EBRD: Azerbaijan, Kazakhstan, Russia and Turkmenistan “punished” for failing to diversify away from energy reliance
# 05 November 2009 08:29 (UTC +04:00)
Baku. Nijat Mustafayev – APA-Economics. The global financial crisis, which pushed some emerging European economies to the brink of collapse, revealed risky imbalances two decades after communism fell, the European Bank for Reconstruction and Development said.

The nations that joined the European Union, along with the southern Balkans, were driven into recession by the worldwide credit squeeze and lost investment. Commodity-rich nations including as Azerbaijan, Kazakhstan, Russia and Turkmenistan, were punished for failing to diversify away from energy reliance, the EBRD said in its annual Transition Report.

The 30 emerging European and central Asian nations in which the EBRD invests are struggling to escape the deepest recession since they adopted free-market policies. The bank, which helped limit the impact of the financial crisis by persuading western European banks to stay in the region, has said the recovery from the region’s worst recession since the early 1990s will be “patchy” and “fragile.”

The benefits of the integration of eastern Europe’s financial systems into the world economy outweigh the costs that have been highlighted during the global economic crisis, according to the report.

The report also says that the global crisis has disrupted the pace of economic reform in eastern Europe, but there have been no significant reversals. Governments remain committed to the process of economic reform.

These findings appear in the EBRD’s Transition Report 2009 which addresses the implications of the crisis both for the transition region – the countries from central Europe to central Asia in which the EBRD invests - and for the whole transition process of economic transformation.

Entitled “Transition in Crisis?”, the 2009 report concludes that while the economies of the transition region have been dealt a severe blow, the transition process itself will survive the onslaught of the worst global economic downturn in generations.

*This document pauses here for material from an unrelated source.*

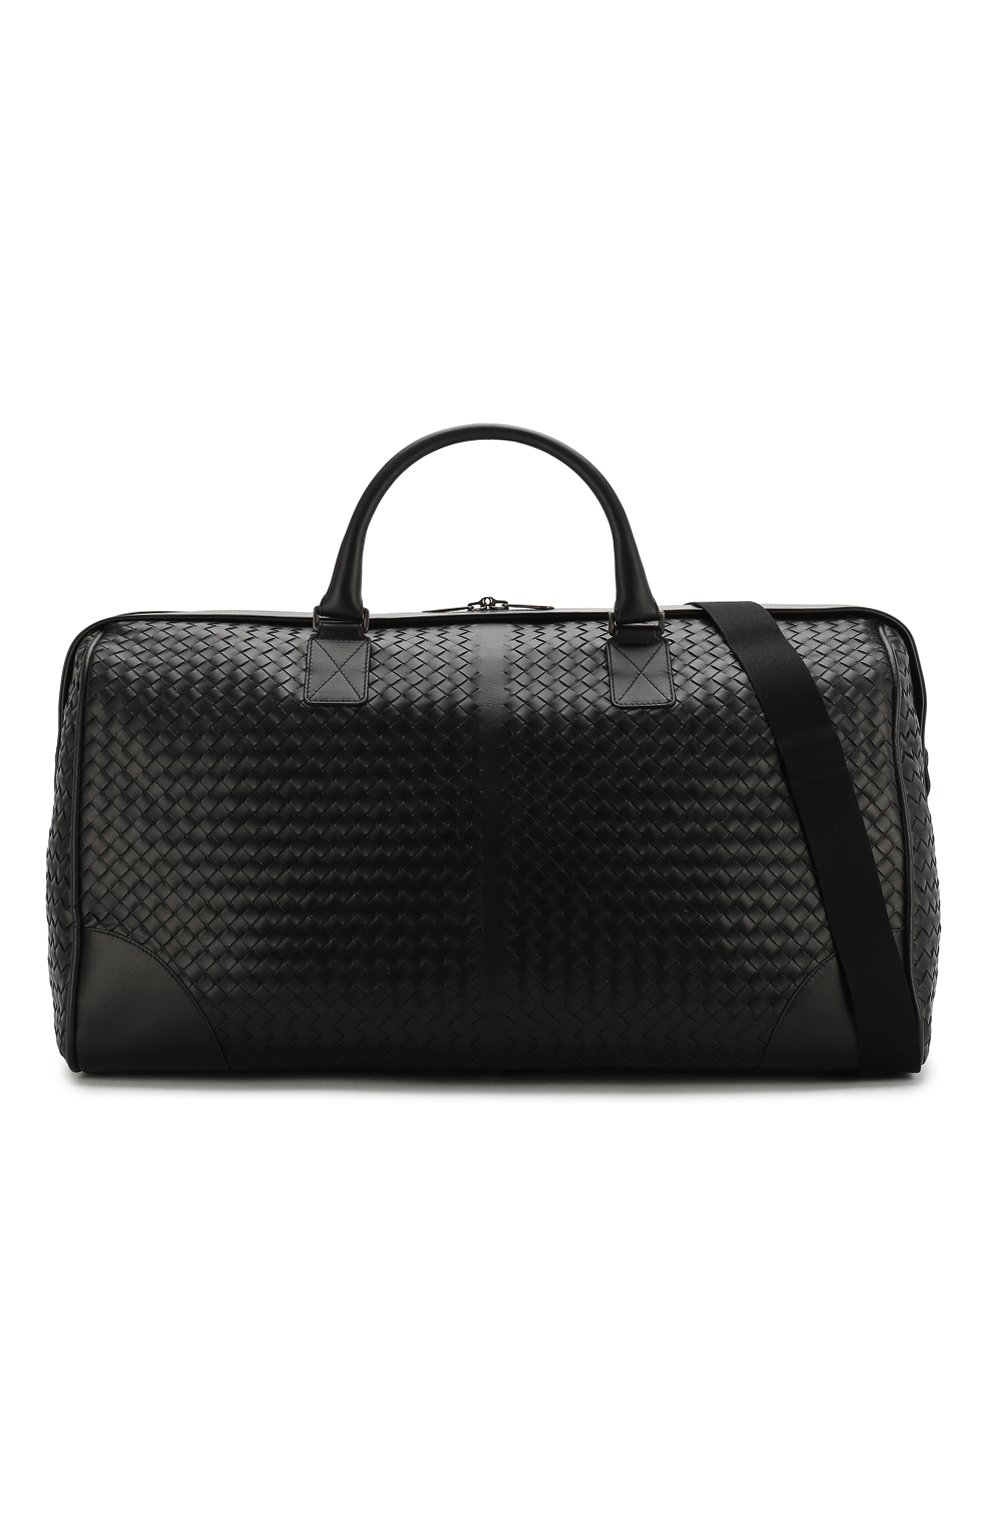 f5c59adc5100 Мужские дорожные сумки Dirk Bikkembergs купить в интернет-магазине ЦУМ -  товар распродан
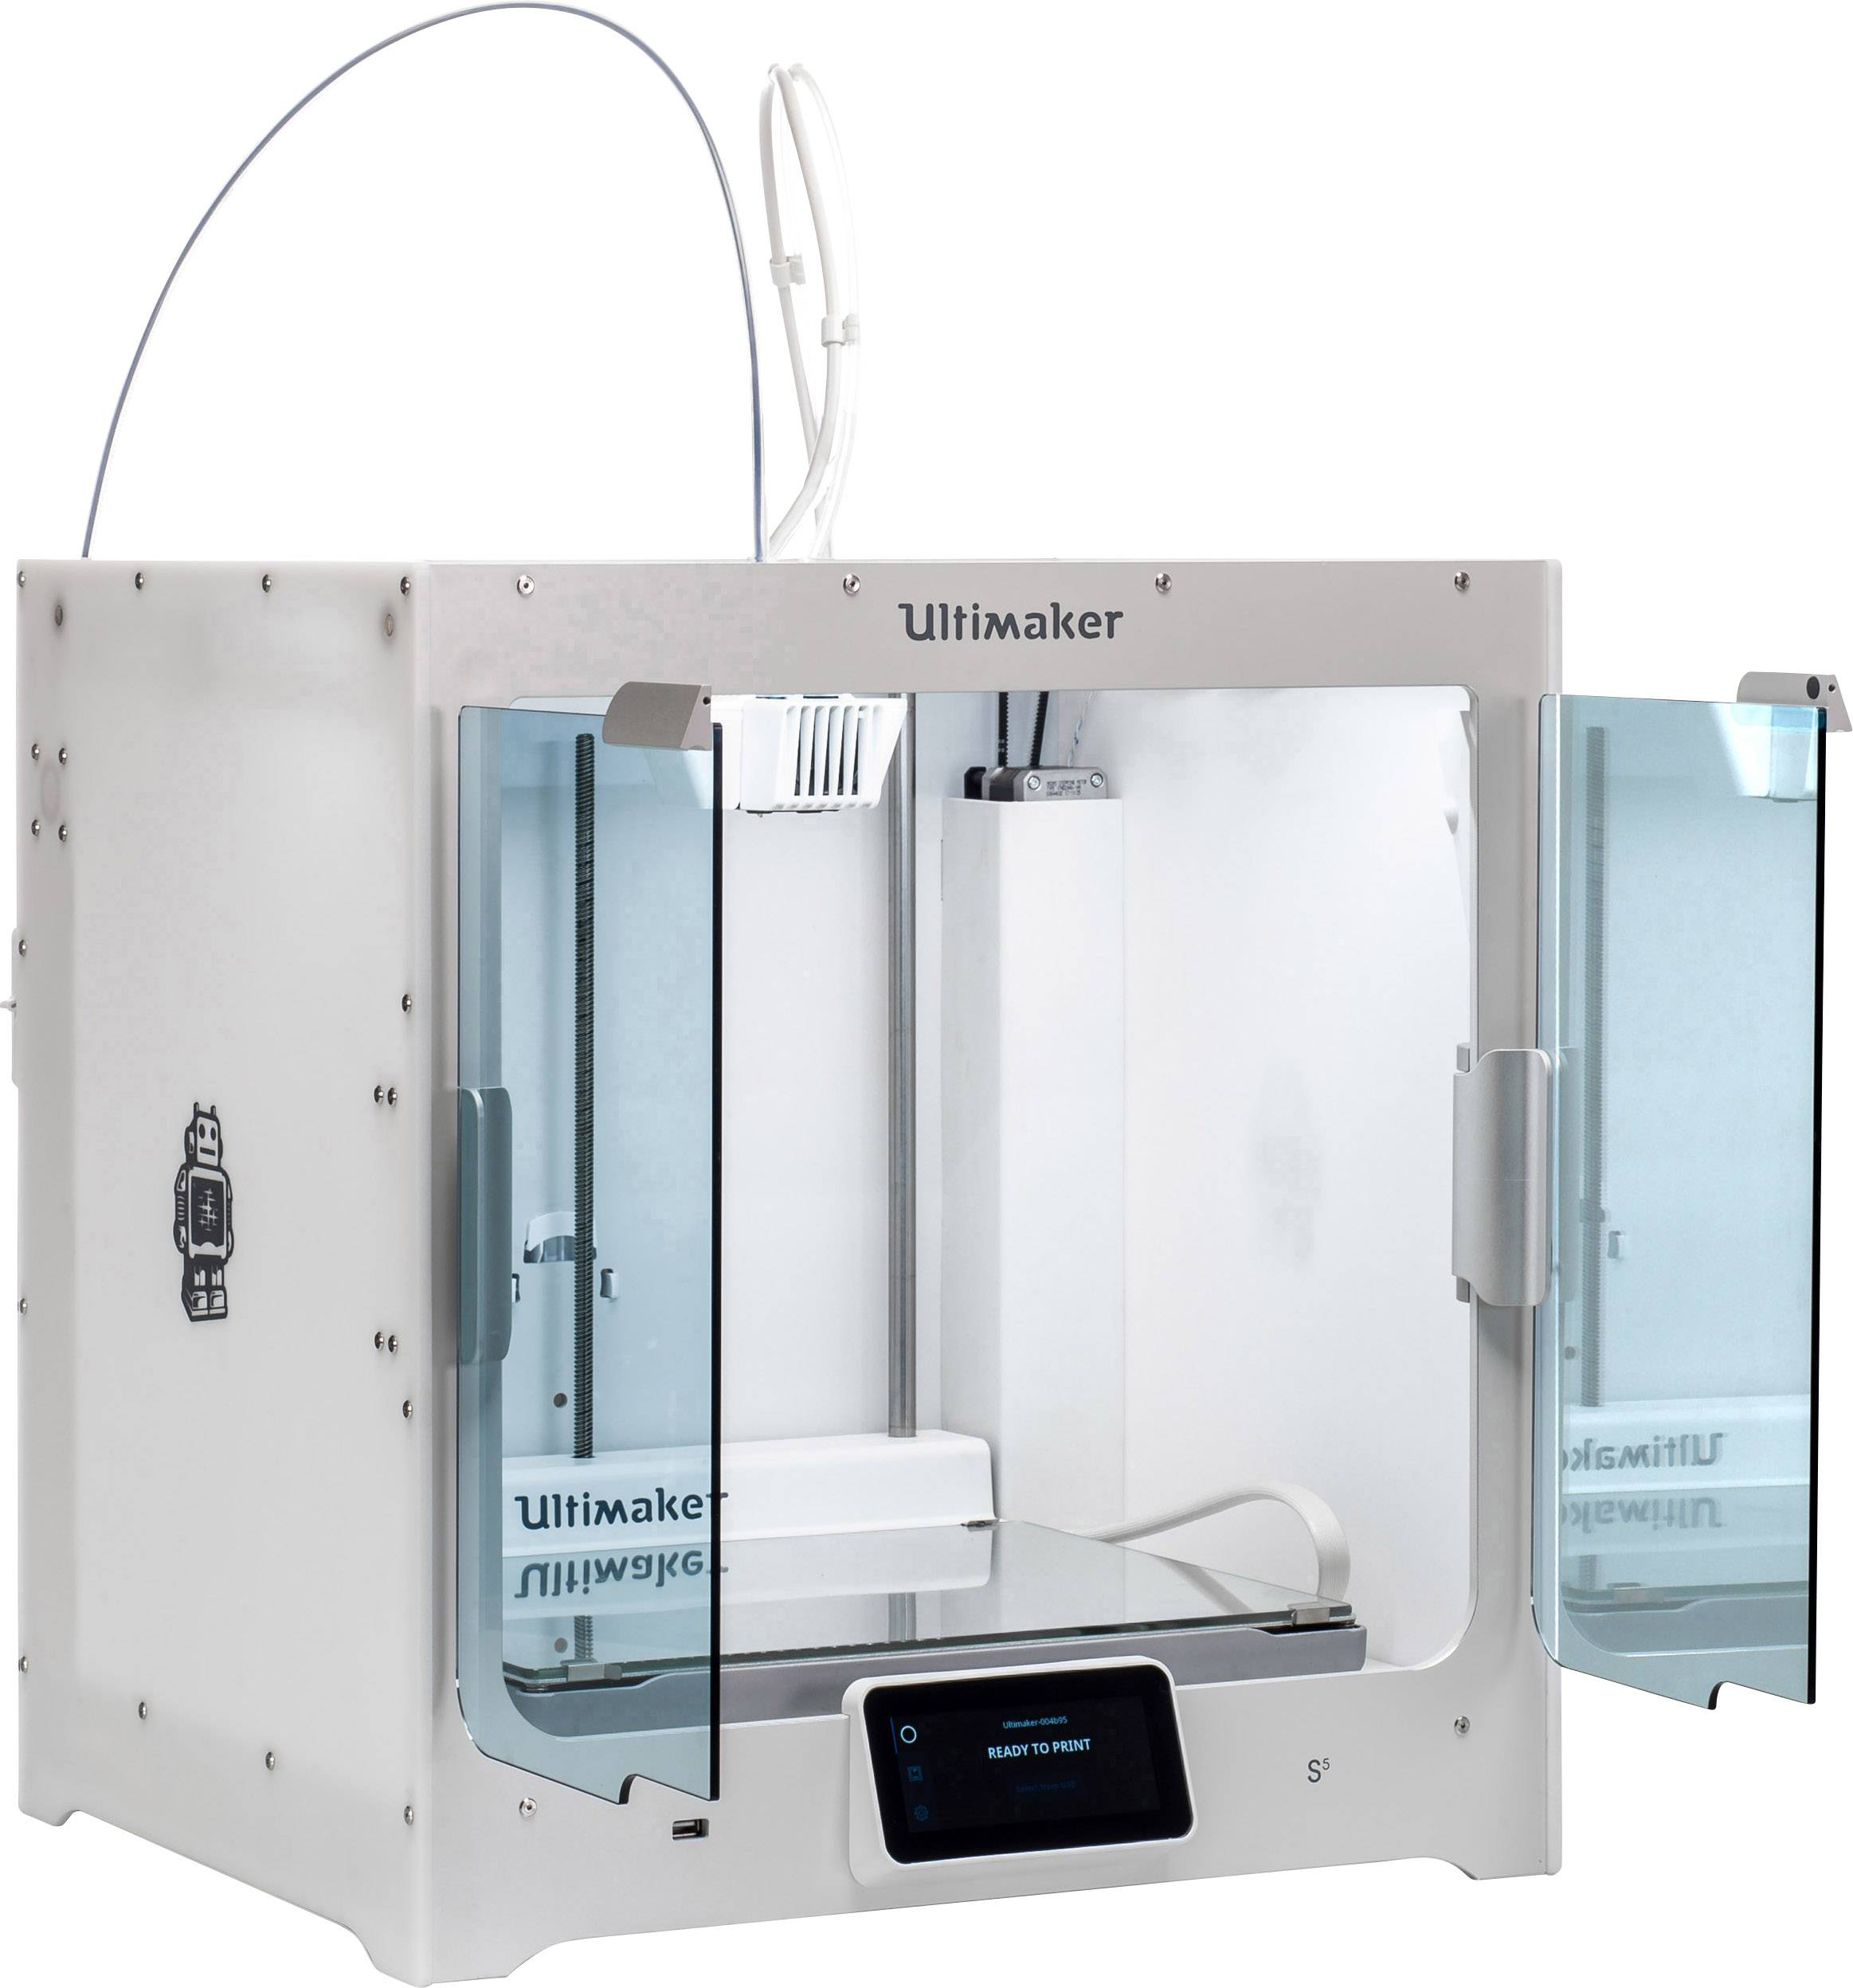 3D tiskárna Ultimaker S5 systém dvojitých trysek (duální extrudér)

The report raises questions specifically about the growth model both for countries in central and southeastern Europe, where rapid expansion was fuelled by financial integration, and for commodity rich countries further east whose growth has depended on income from natural resources.

In the first instance, the EBRD economists concede that financial integration has brought disadvantages, by encouraging credit booms, over-borrowing and a trend toward foreign currency borrowing.

On the other hand, this region has benefited from high economic growth. More importantly, when the crisis was finally in full flow the presence of foreign banks and the resultant depth of the financial systems played a crucial stabilising role.

Nevertheless, the report stresses that the crisis has shown the need urgent steps to help reduce dependency on foreign exchange lending and to manage more effectively the demand for credit.

Looking at the challenges to resource rich countries in the EBRD region, the EBRD report notes that they also face vulnerabilities, with policy management in such countries as Azerbaijan, Kazakhstan, Russia and Turkmenistan complicated by foreign currency inflows that fluctuate according to the price of commodities.

Some countries have successfully built up funds that help mitigate the impact of economic setbacks but the longer-term goal of economic diversification remains elusive.
This is partly because dependence on wealth from such resources and the very lack of diversification itself stands in the way of the development of the sort of institutional framework that would support the creation of a more diverse industrial base.

Nevertheless, the report concludes that: “Institution building in resource-rich countries is likely to be difficult and protracted, but by no means hopeless.”

Looking ahead to the impact of the crisis on further market reform in the transition region, the report says any new surge in reforms generally is unlikely, even though the financial sector will probably see both institutional change and policy adjustments, including initiatives to increase both the quality and the extent of government regulation.